Independentemente do ciclo, escalone lançamentos de tokens, upgrades de produto e períodos de desbloqueio para evitar concentração; mantenha comunicação regular e transparente; utilize dados verificáveis (como métricas de negociação ou on-chain da Gate) para embasar o discurso e reduzir riscos de oscilações de mercado.
O Series B tem como essência alavancar capital confiável para impulsionar crescimento previsível—sustentado por dados precisos e repetíveis que comprovem viabilidade do modelo de negócios e eficiência operacional. Garanta definições claras de valuations pré/pós-money e calcule corretamente a diluição; mantenha processos disciplinados para uso de recursos, due diligence e fechamento; alinhe estruturas de equity, tokens e governança em projetos Web3 com planejamento rigoroso de vesting e divulgação; evite termos excessivos de liquidação ou anti-diluição; mantenha disciplina de preços em todos os ciclos; utilize dados públicos de plataformas como a Gate para reforçar a credibilidade. Quando bem executado, o Series B é uma “escala orientada por engenharia”, não uma aposta especulativa.
Rodadas Series B geralmente variam de alguns milhões a dezenas de milhões de dólares americanos—o valor exato depende do setor, tamanho de mercado e desempenho anterior do projeto. Em relação ao Series A, o Series B é consideravelmente maior para viabilizar expansão de equipe, entrada em novos mercados e otimização do produto. Recomenda-se estimar a necessidade de recursos com base em um plano operacional de 18 a 24 meses para não captar em excesso ou insuficientemente.

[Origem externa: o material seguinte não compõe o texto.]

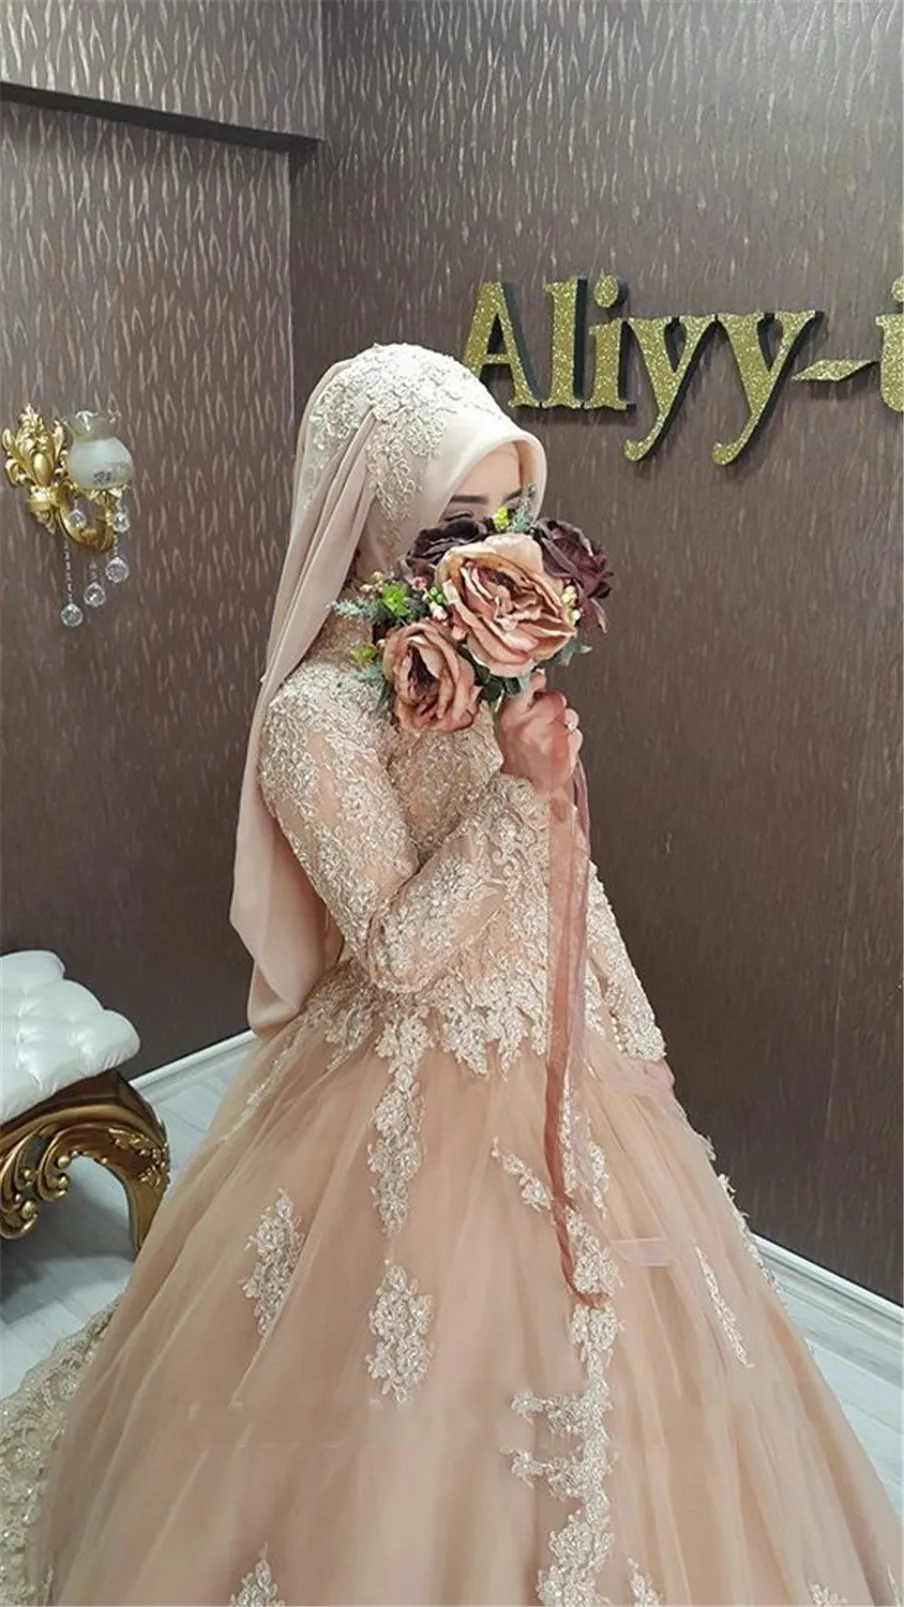 Long Sleeve Champagne Lace Applique High Neckline Muslim Wedding Gowns Islamic Wedding Dress With Hihab Robe De Mariage

Isso depende do ritmo de crescimento do projeto e das condições de mercado. Se o crescimento for acelerado e as métricas excelentes, investidores podem financiar um salto direto ao Series C; se o crescimento desacelerar ou o mercado esfriar, o projeto pode ficar estagnado no Series A. Embora o fluxo mais comum seja A→B→C, é importante manter flexibilidade conforme a dinâmica do mercado.
Se a rodada Series B não avançar, o projeto pode ampliar a base de investidores (buscando fundos do setor, parceiros estratégicos ou investidores-anjo de follow-on), buscar fusões/aquisições ou financiamentos estratégicos como alternativas. Se os dados sinalizarem potencial de crescimento, a equipe pode revisar metas e estratégias de captação para uma nova tentativa, ou apostar em lucros operacionais para avançar no desenvolvimento.
O valuation no Series B deve se basear no crescimento dos principais indicadores após o Series A (usuários, receita, atividade diária etc.), usando benchmarks do setor e o cenário de captação para definir uma faixa adequada. Prepare documentação detalhada e fundamentada em dados, destacando caminhos claros de crescimento e vantagens competitivas, e busque múltiplas propostas para aumentar o poder de negociação. Não seja inflexível quanto ao valuation a ponto de perder oportunidades de financiamento.
Além do tamanho do capital, avalie a experiência dos investidores no seu segmento—histórico com projetos similares—e a capacidade de agregar recursos estratégicos além do aporte financeiro (como networking, canais de go-to-market, expertise técnica). Escolha parceiros alinhados ao estágio e valores do projeto para melhores resultados no longo prazo. Utilize bases de dados e checagem de reputação para uma due diligence completa.